$$1 \times 10^{-5}$$ M $$AgNO_3$$ is added to 1 L of saturated solution of AgBr. The conductivity of this solution at 298 K is ______ $$\times 10^{-8} \text{ S m}^{-1}$$.
[Given : $$K_{sp}(AgBr) = 4.9 \times 10^{-13}$$ at 298 K, $$\lambda^0_{Ag^+} = 6 \times 10^{-3} \text{ Sm}^2 \text{ mol}^{-1}$$, $$\lambda^0_{Br^-} = 8 \times 10^{-3} \text{ Sm}^2 \text{ mol}^{-1}$$, $$\lambda^0_{NO_3^-} = 7 \times 10^{-3} \text{ Sm}^2 \text{ mol}^{-1}$$]

The saturated solution of $$AgBr$$ contains equal concentrations of $$Ag^+$$ and $$Br^-$$ ions. If the molar solubility is $$s\; \text{mol L}^{-1}$$, then by definition

$$K_{sp} = [Ag^+][Br^-] = s^2$$

$$\Rightarrow\; s = \sqrt{K_{sp}} = \sqrt{4.9 \times 10^{-13}} \approx 7 \times 10^{-7}\; \text{mol L}^{-1}$$

1 L of this saturated solution is treated with $$1 \times 10^{-5}\; \text{mol}$$ of $$AgNO_3$$, giving an additional $$1 \times 10^{-5}\; \text{mol}$$ of $$Ag^+$$ and the same amount of $$NO_3^-$$. Because $$[Ag^+]$$ now far exceeds the solubility, almost all the original $$Br^-$$ is precipitated.
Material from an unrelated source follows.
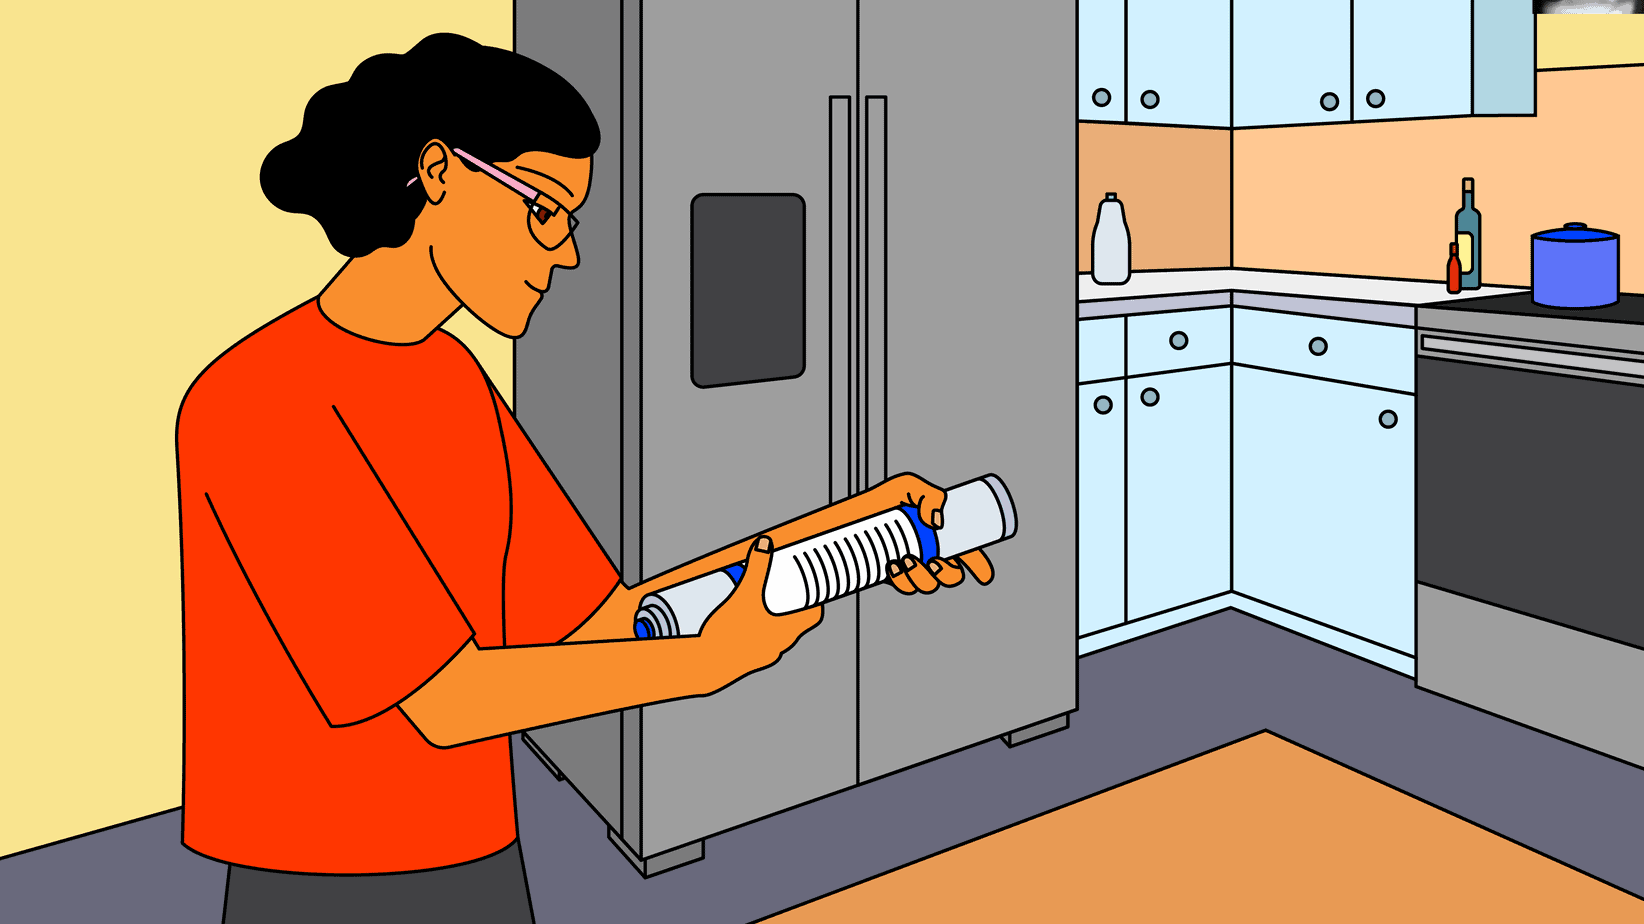 Comment remplacer le filtre à eau externe sur un réfrigérateur

At the new equilibrium let the $$Br^-$$ concentration be $$b$$.

Using the solubility-product relation again,

$$[Ag^+][Br^-] = 4.9 \times 10^{-13}$$

Since $$[Ag^+] \approx 1 \times 10^{-5}\; \text{M}$$ after precipitation,

$$b = \frac{4.9 \times 10^{-13}}{1 \times 10^{-5}} = 4.9 \times 10^{-8}\; \text{mol L}^{-1}$$

Hence the equilibrium ionic concentrations are

$$[Ag^+] \approx 1.0 \times 10^{-5}\; \text{M},\qquad [Br^-] = 4.9 \times 10^{-8}\; \text{M},\qquad [NO_3^-] = 1.0 \times 10^{-5}\; \text{M}$$

To evaluate the conductivity $$(\kappa)$$ we use

$$\kappa = \sum \lambda_i^{0}\,c_i$$

but the concentrations must be in $$\text{mol m}^{-3}$$:

$$1\; \text{mol L}^{-1} = 1000\; \text{mol m}^{-3}$$

Therefore

$$c_{Ag^+}=1.0 \times 10^{-5}\,(\text{M}) \times 1000 = 1.0 \times 10^{-2}\; \text{mol m}^{-3}$$ $$c_{Br^-}=4.9 \times 10^{-8}\,(\text{M}) \times 1000 = 4.9 \times 10^{-5}\; \text{mol m}^{-3}$$ $$c_{NO_3^-}=1.0 \times 10^{-5}\,(\text{M}) \times 1000 = 1.0 \times 10^{-2}\; \text{mol m}^{-3}$$

Now compute each ionic contribution (units: $$\text{S m}^{-1}$$):

$$\kappa_{Ag^+} = 6 \times 10^{-3} \times 1.0 \times 10^{-2} = 6.0 \times 10^{-5}$$ $$\kappa_{Br^-} = 8 \times 10^{-3} \times 4.9 \times 10^{-5} = 3.92 \times 10^{-7}$$ $$\kappa_{NO_3^-}= 7 \times 10^{-3} \times 1.0 \times 10^{-2} = 7.0 \times 10^{-5}$$

Total conductivity:

$$\kappa = 6.0 \times 10^{-5} + 7.0 \times 10^{-5} + 3.92 \times 10^{-7}$$ $$\kappa = 1.3039 \times 10^{-4}\; \text{S m}^{-1}$$

Expressing the result as $$\kappa = \text{(number)} \times 10^{-8}\; \text{S m}^{-1}$$:

$$1.3039 \times 10^{-4}\; \text{S m}^{-1} = 13039 \times 10^{-8}\; \text{S m}^{-1}$$

Hence the required conductivity is 13039 $$\times 10^{-8}\; \text{S m}^{-1}$$.